Entries shown
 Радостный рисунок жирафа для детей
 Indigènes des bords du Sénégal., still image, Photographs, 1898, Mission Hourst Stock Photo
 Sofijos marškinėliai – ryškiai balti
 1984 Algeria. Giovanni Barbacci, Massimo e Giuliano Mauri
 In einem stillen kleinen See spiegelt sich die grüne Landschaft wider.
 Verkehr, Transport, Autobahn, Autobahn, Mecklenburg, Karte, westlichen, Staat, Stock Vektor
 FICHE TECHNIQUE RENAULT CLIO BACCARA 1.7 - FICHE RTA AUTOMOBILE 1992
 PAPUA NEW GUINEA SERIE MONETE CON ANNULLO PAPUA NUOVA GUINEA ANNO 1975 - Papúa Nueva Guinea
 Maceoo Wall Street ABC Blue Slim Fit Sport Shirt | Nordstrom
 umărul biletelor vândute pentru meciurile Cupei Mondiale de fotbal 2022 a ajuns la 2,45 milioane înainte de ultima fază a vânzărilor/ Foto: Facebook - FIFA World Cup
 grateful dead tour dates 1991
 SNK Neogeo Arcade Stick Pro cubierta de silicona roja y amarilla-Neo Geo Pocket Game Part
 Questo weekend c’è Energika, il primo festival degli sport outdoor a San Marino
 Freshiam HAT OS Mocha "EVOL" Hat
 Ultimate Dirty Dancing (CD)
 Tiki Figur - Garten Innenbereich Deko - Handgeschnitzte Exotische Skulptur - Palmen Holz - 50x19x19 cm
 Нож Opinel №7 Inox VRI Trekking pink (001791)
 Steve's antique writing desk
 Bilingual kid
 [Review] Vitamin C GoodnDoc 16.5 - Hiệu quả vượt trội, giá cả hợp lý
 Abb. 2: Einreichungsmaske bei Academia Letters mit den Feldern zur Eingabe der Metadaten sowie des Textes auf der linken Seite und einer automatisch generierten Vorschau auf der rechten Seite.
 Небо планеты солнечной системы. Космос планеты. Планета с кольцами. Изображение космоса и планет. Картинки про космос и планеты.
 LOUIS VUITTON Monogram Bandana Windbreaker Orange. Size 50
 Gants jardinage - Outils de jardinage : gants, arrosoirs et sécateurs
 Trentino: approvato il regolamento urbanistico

Work request
What is the number of lines above that contain the word "Stock"? Answer with that number only.

Task solution
2